*Data provided:*
※

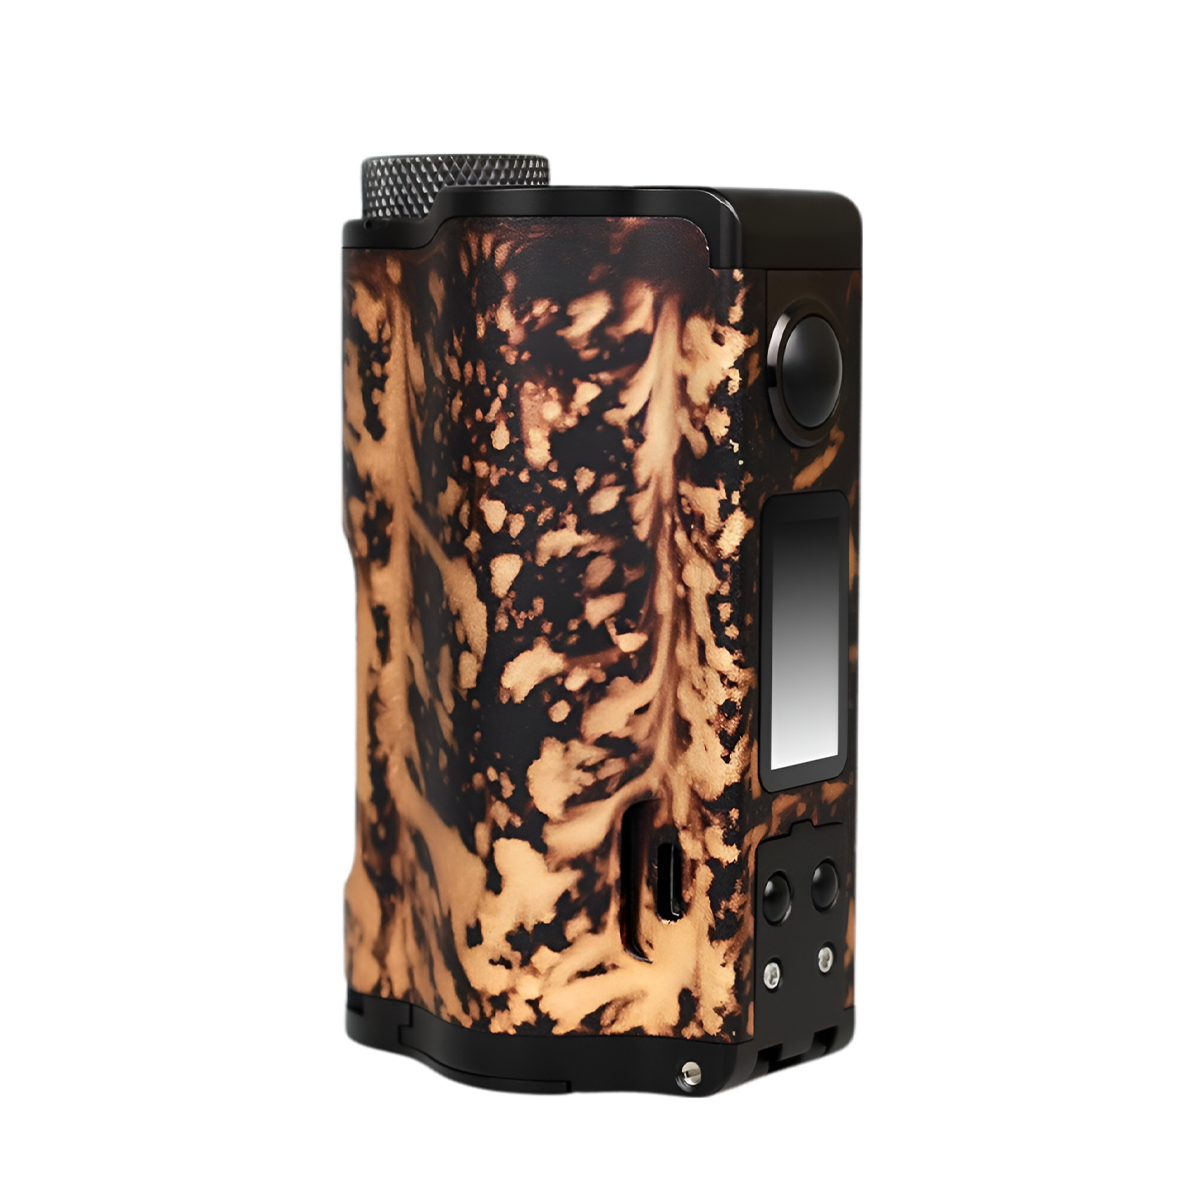 Dovpo Topside Dual 200W Squonk Special Edition Box-Mod Kit Se Black Gold  
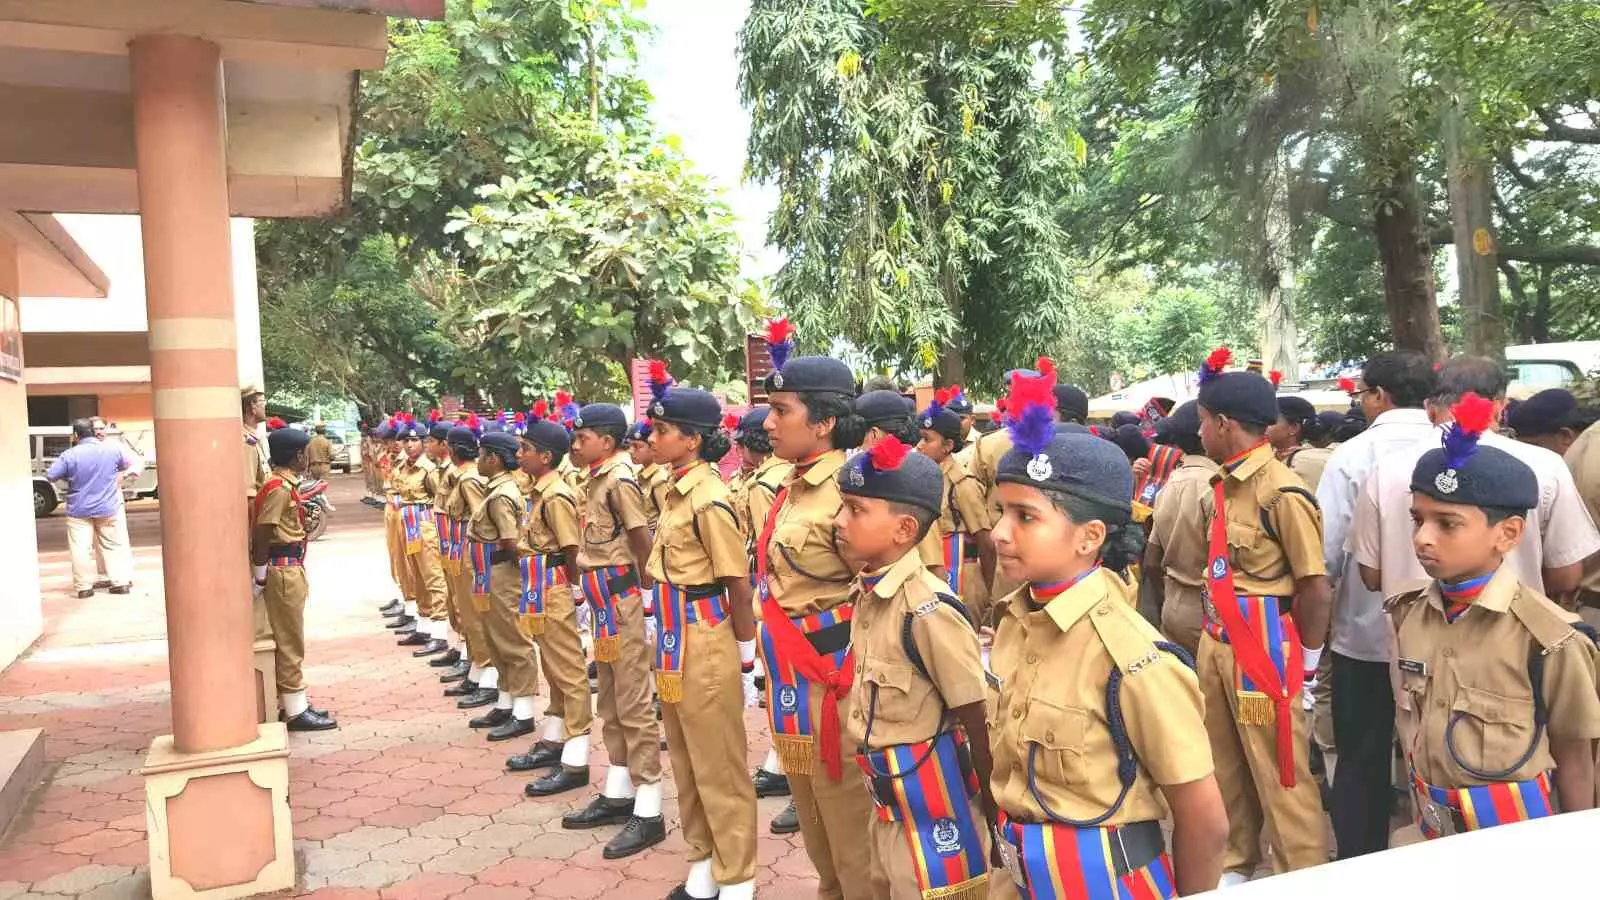 UP government initiative Student Police Cadet Programme police constables will be ready in schools
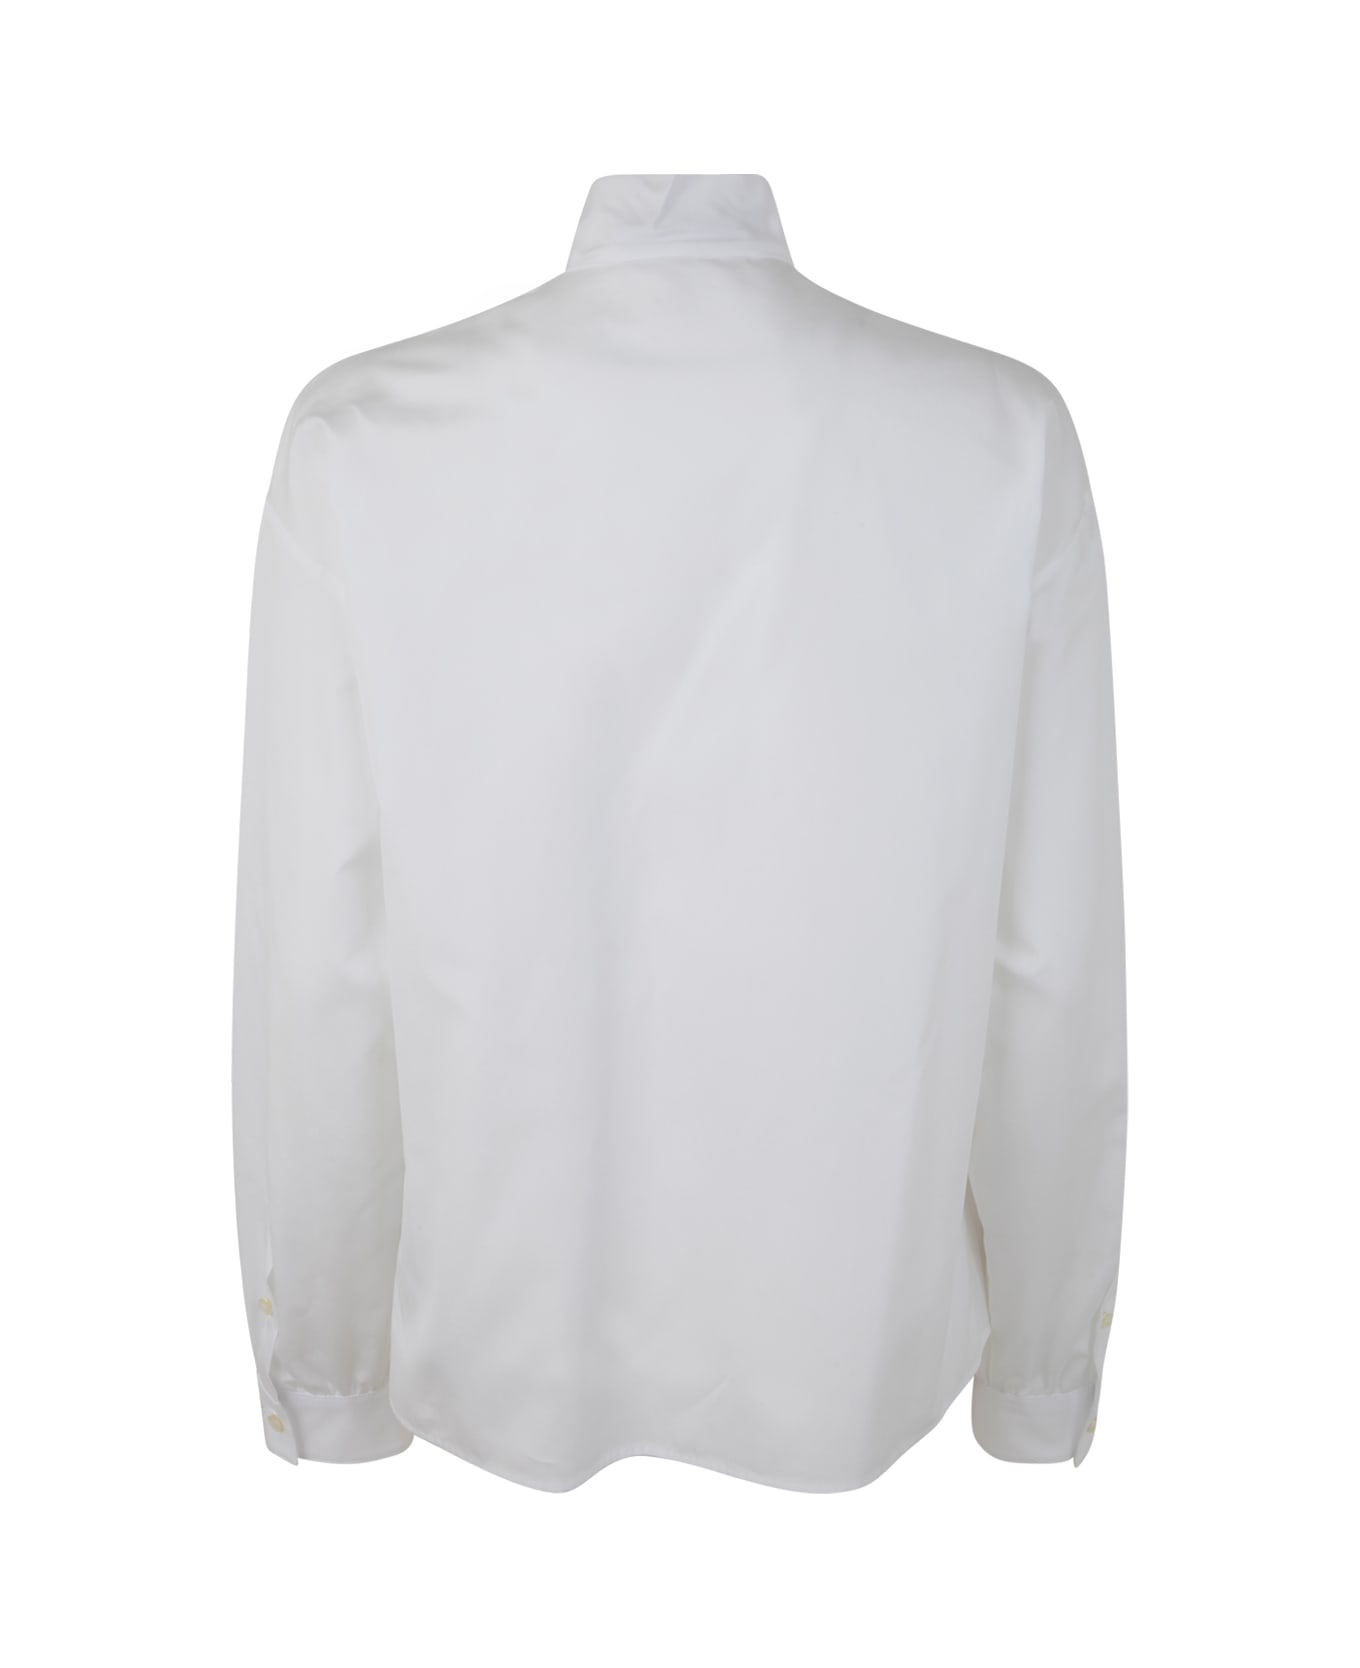 Dsquared2 Knotted Collar Shirt - White

※

*The problem:* The answer is the listing above repeated verbatim, minus its images.

*Result:*
 Dovpo Topside Dual 200W Squonk Special Edition Box-Mod Kit Se Black Gold  
 UP government initiative Student Police Cadet Programme police constables will be ready in schools
 Dsquared2 Knotted Collar Shirt - White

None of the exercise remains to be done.